-- About this exercise --
Pictures in the data must not be copied, but everything else should be output exactly.

[[ Data segment open ]]

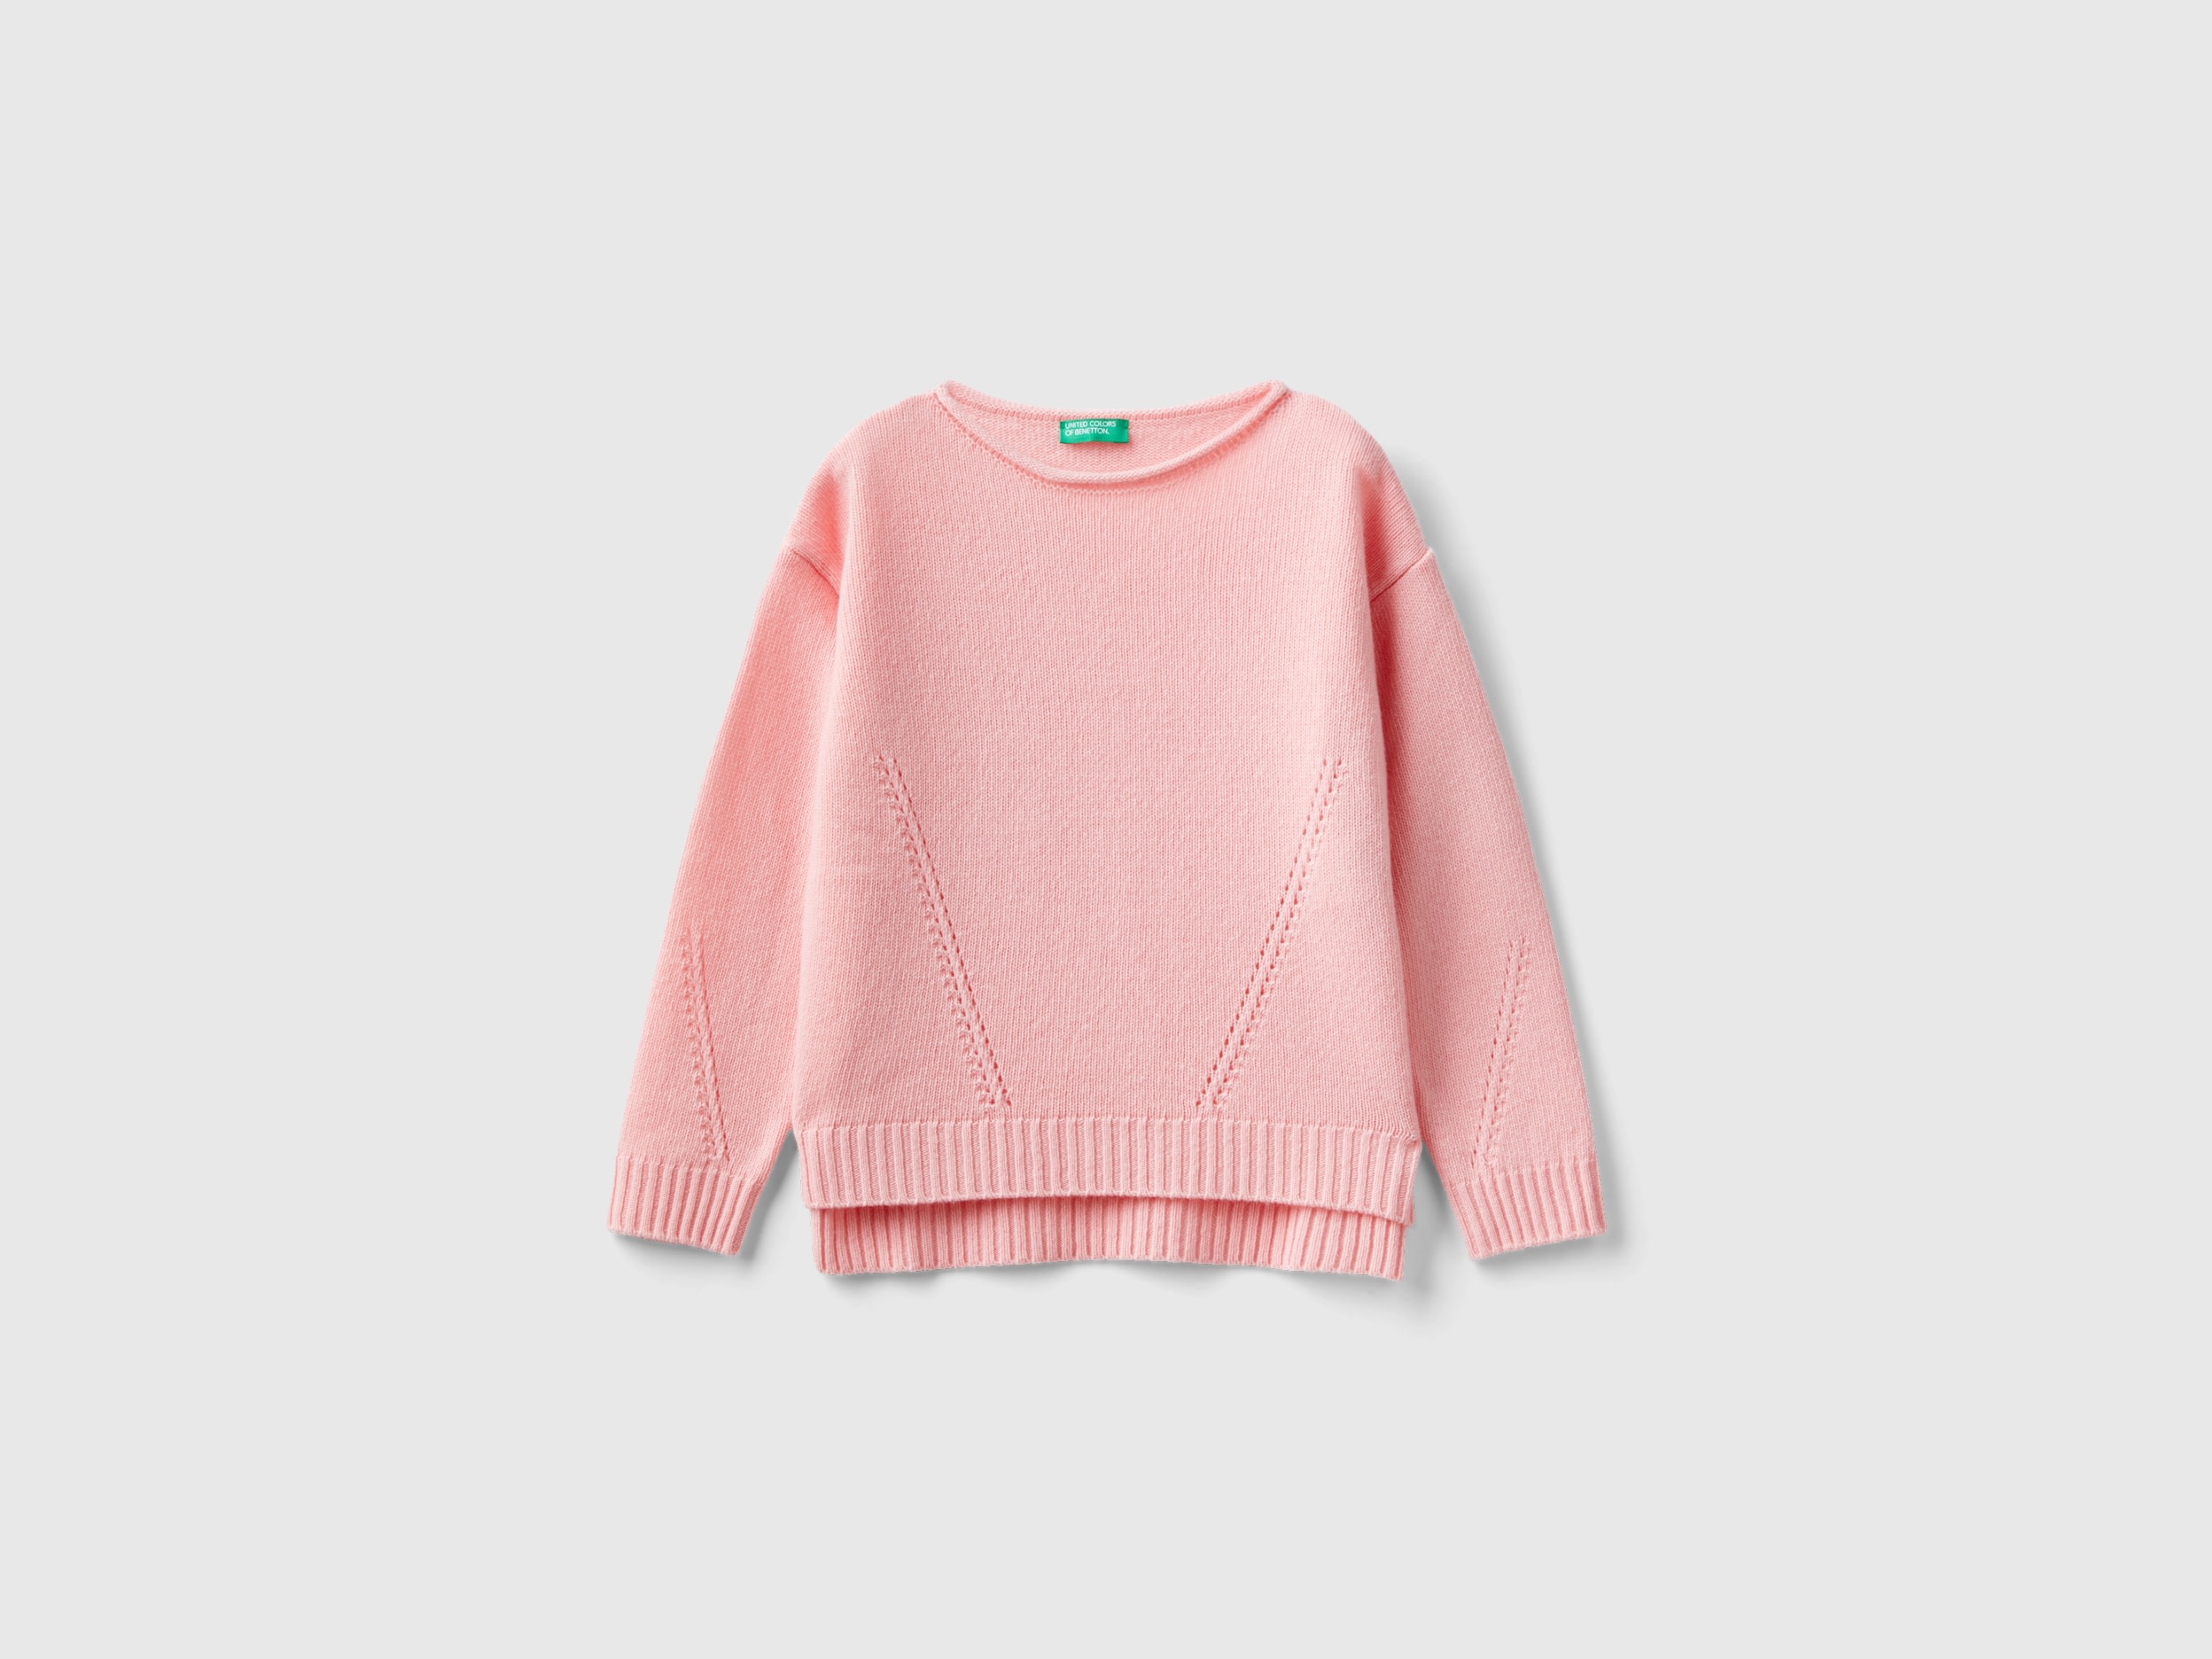 Benetton, Knit Sweater With Playful Stitching, size 2XL, Pink, Kids
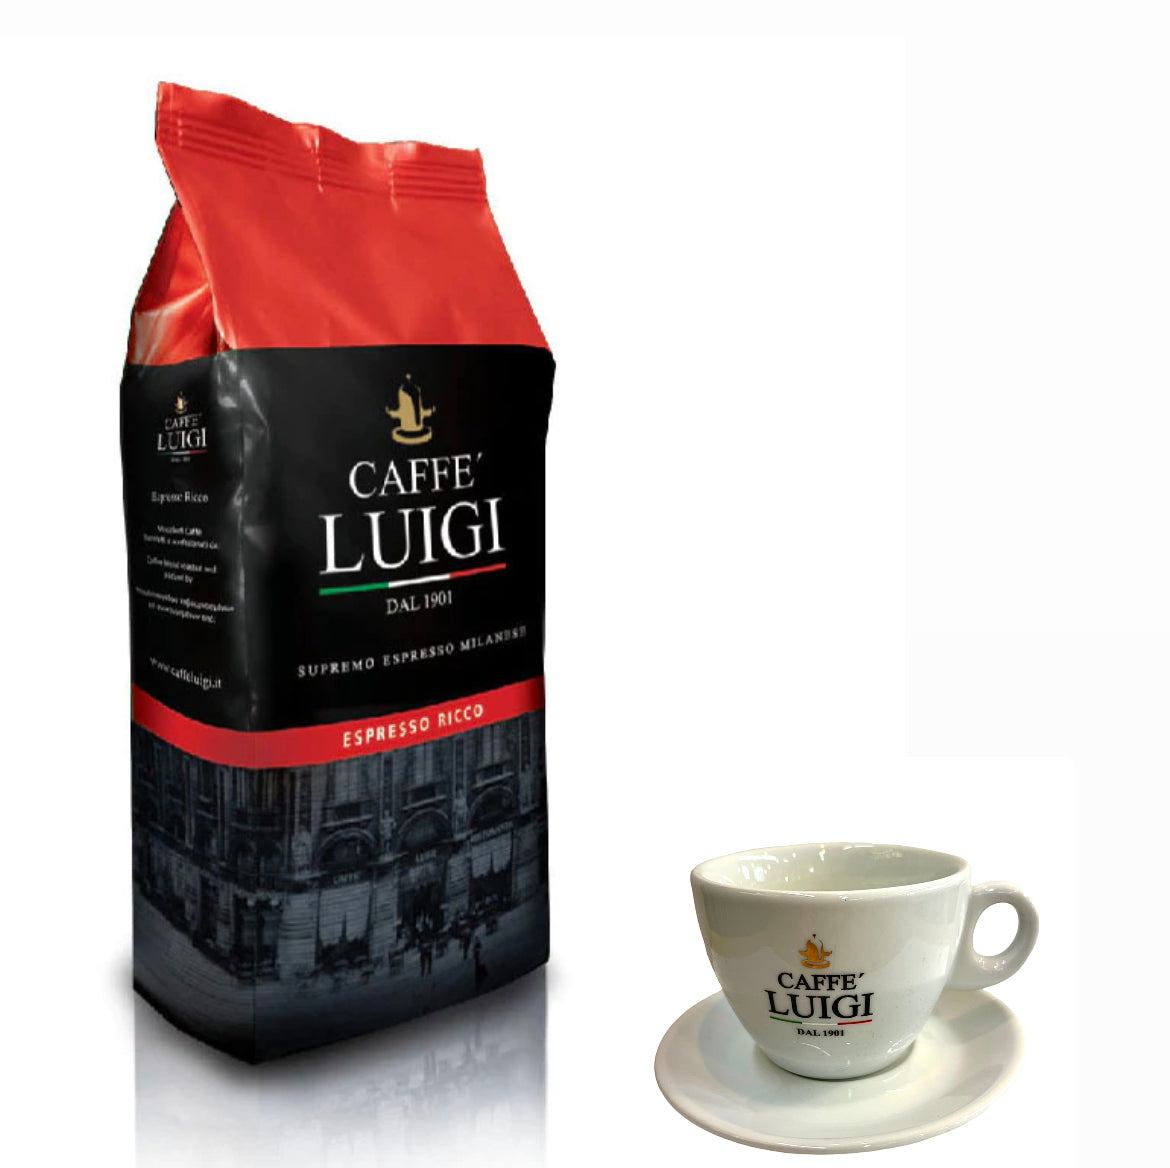 Espresso RICCO Bohnen 1Kg Caffe 'Luigi Ganze Espresso Bohnen Arabica - Robusta + 1 Cappuccino Tasse Klein
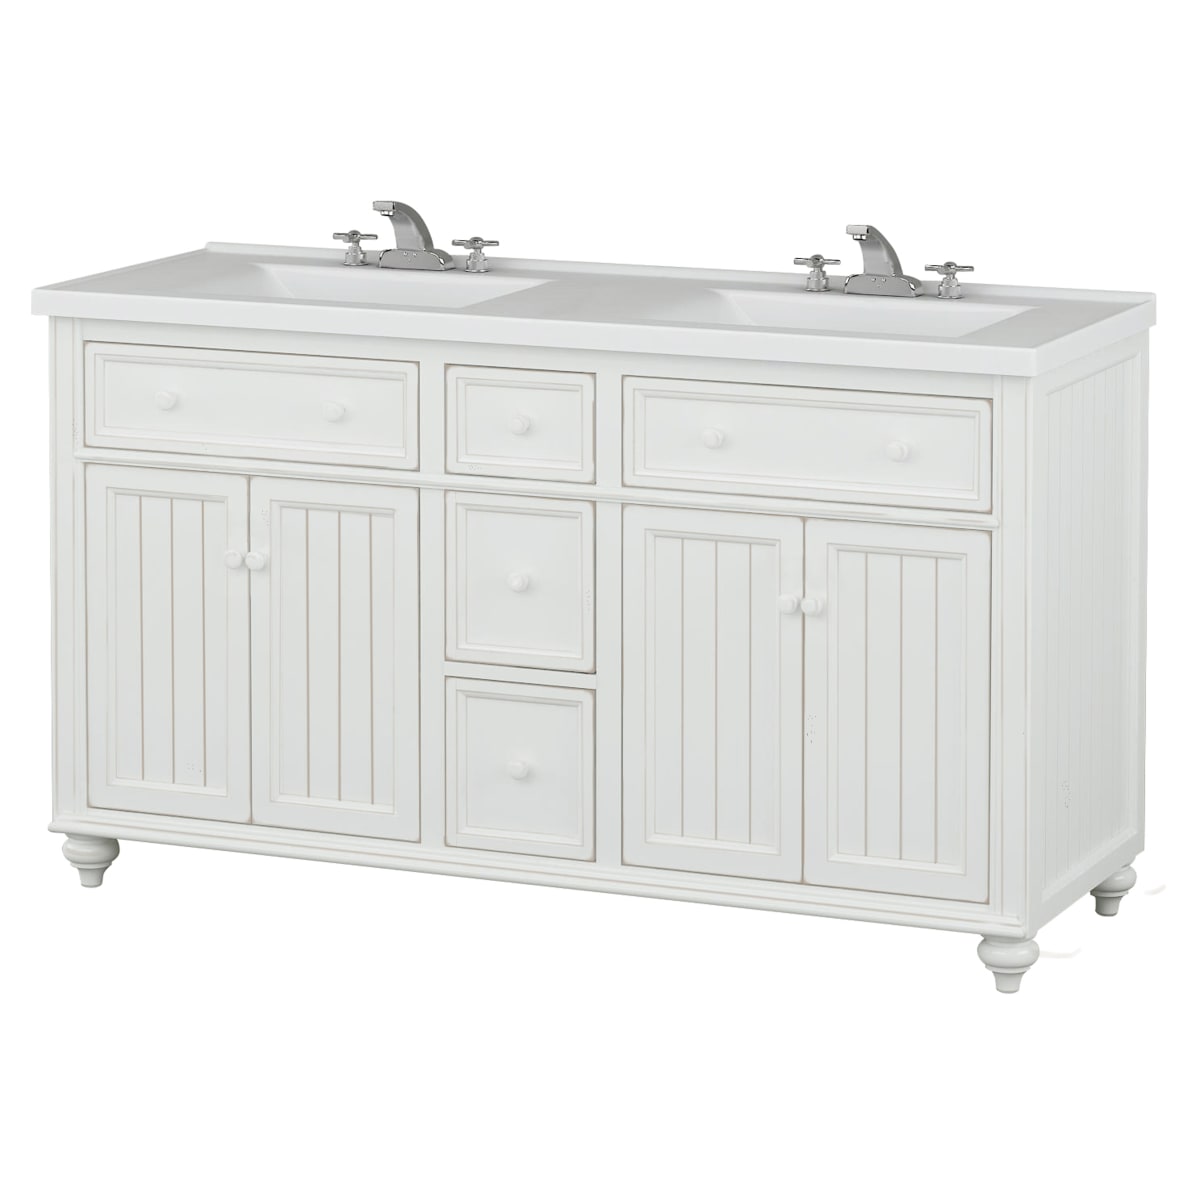 Sagehill Designs Cr6021dn Designer, Bath Vanity Cabinets Only

[[ Data segment closed ]]

-- Output for this exercise --
 Benetton, Knit Sweater With Playful Stitching, size 2XL, Pink, Kids
 Espresso RICCO Bohnen 1Kg Caffe 'Luigi Ganze Espresso Bohnen Arabica - Robusta + 1 Cappuccino Tasse Klein
 Sagehill Designs Cr6021dn Designer, Bath Vanity Cabinets Only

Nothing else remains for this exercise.